Bill Gates, Chris Sacca lead a $50 million investment in energy storage startup Antora to decarbonize and electrify heavy industry with renewable energy
Bill Gates is a busy man. When he’s not spending time on his Foundation that provides vaccines to save the lives of millions of kids in Africa and other developing nations, Gates is busy working and investing in global projects to reduce carbon emissions and combat climate change.
Late last year, we wrote about how Microsoft co-founder after he invested $10 million in a Vancouver, Canada-based energy startup called Mangrove Lithium as part of his ambition to reduce climate change for the future of humanity. But Gates isn’t stopping there.
California-based energy storage startup Antora announced yesterday that it has received a $50 million investment from Bill Gates and Chris Sacca. The fresh capital infusion will help Antora electrify heavy industry with thermal energy storage for zero-carbon heat and power.
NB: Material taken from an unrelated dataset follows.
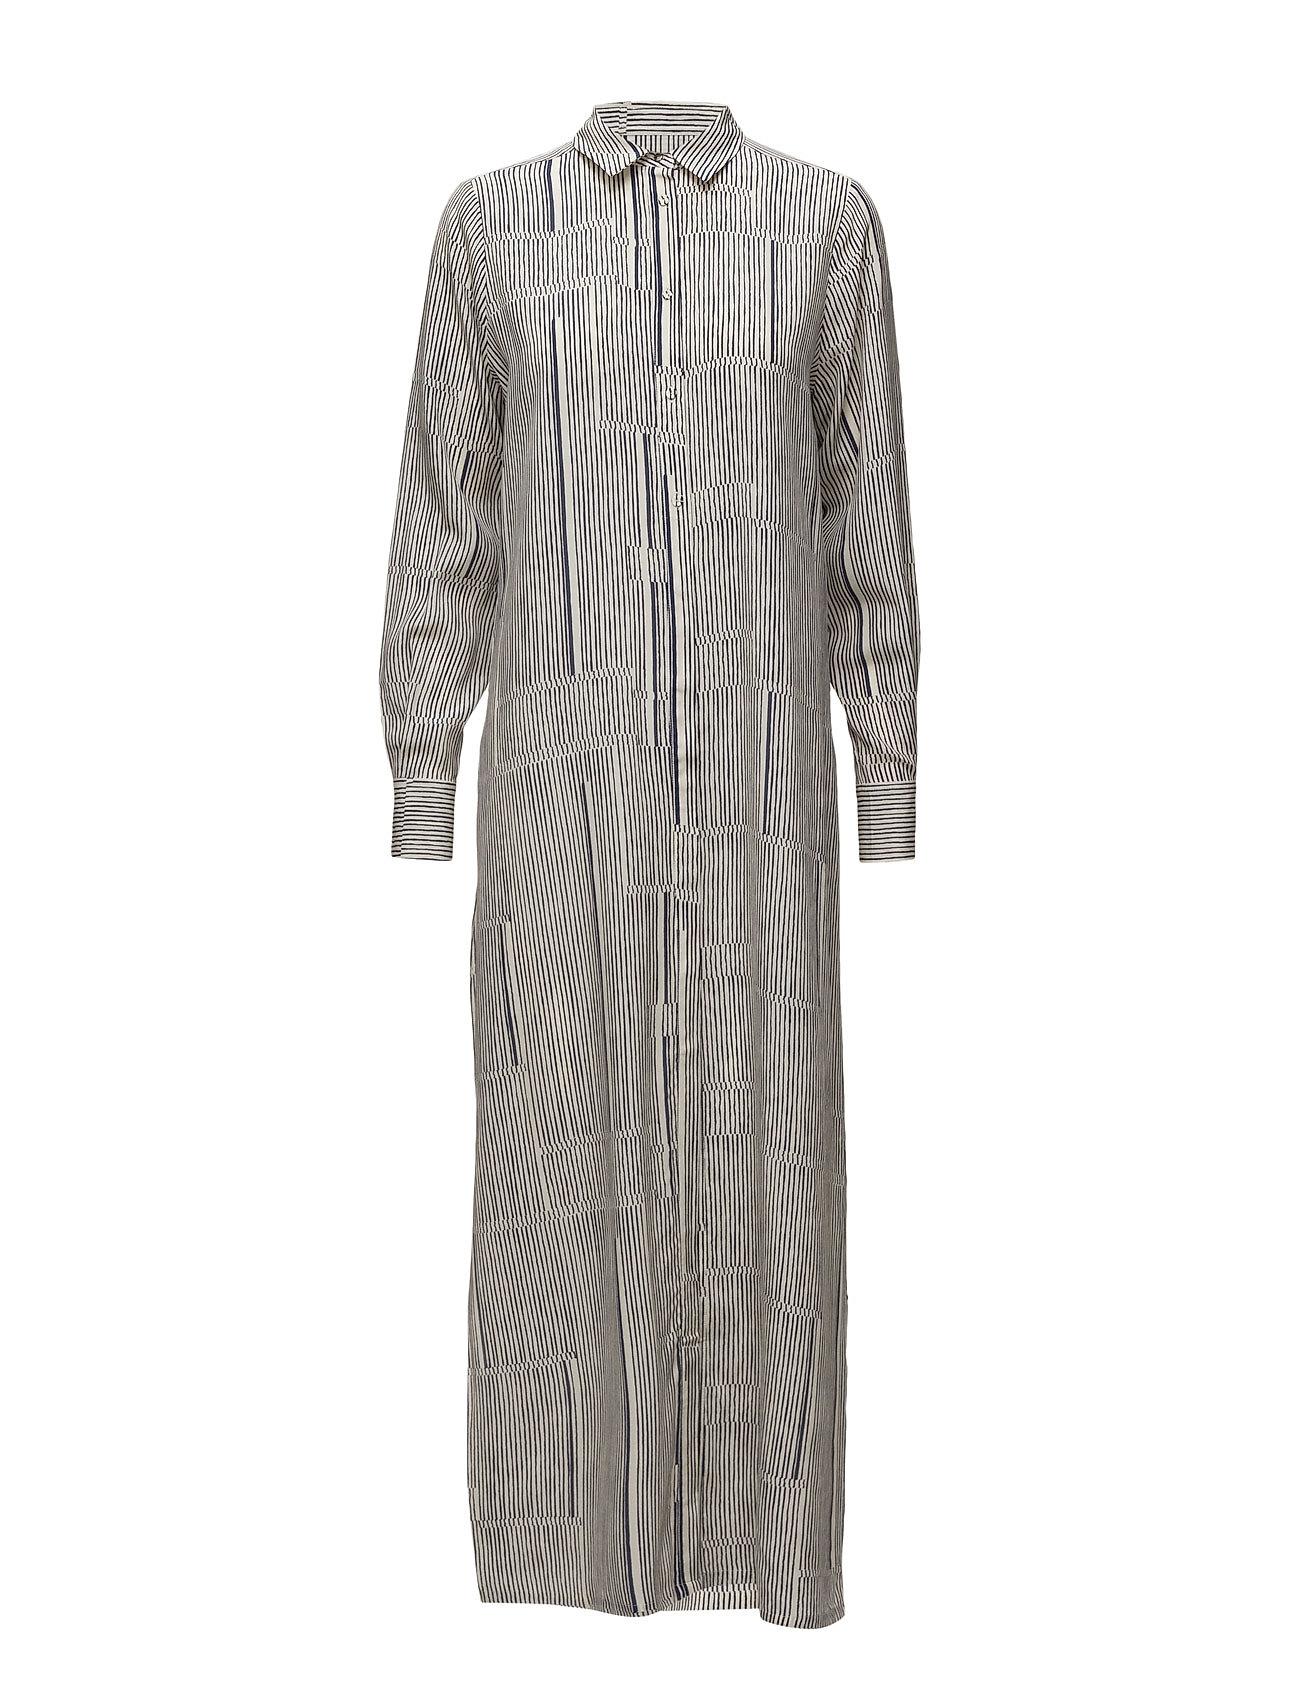 Dress Long Sleeve Noa Noa Maxi Kjoler til Kvinder i Print Blå

Gates’ Breakthrough Energy Ventures and Chris Sacca’s Lowercarbon Capital led the round with additional contributions from energy giant Shell. Other investors include BHP Ventures, Grok Ventures, Trust Ventures, Overture VC, Impact Science Ventures, and existing investor Fifty Years VC.
Antora Energy CEO Andrew Ponec said the company has developed a solution to deliver zero-emissions heat and electricity to heavy industries that is more reliable than fossil fuels, and just as cheap. He added the company’s technology now works due to the plummeting price of renewable energy in recent years.
The manufacturing sector—including notoriously hard-to-decarbonize industries like cement, steel, and petrochemicals—accounts for a staggering 30% of global greenhouse gas emissions. Today, there aren’t scalable solutions to clean up the major drivers of these emissions—heat, and power from combusting coal and gas,” Ponec says.
“Partnering with Breakthrough Energy Ventures, Lowercarbon Capital, and our strong syndicate of other investors brings the resources and know-how to scale up our business and wipe out billions of tons of CO2 emissions per year.”
Founded in 2018 by Andrew Ponec, Antora Energy takes zero-emissions energy from renewable energy sources, like wind and solar farms, and converts that to heat, which it stores in solid carbon blocks that are insulated in a kind of thermal battery. From there, the stored energy is used as heat in industrial processes needed to make materials like cement and steel, or it’s converted into electricity.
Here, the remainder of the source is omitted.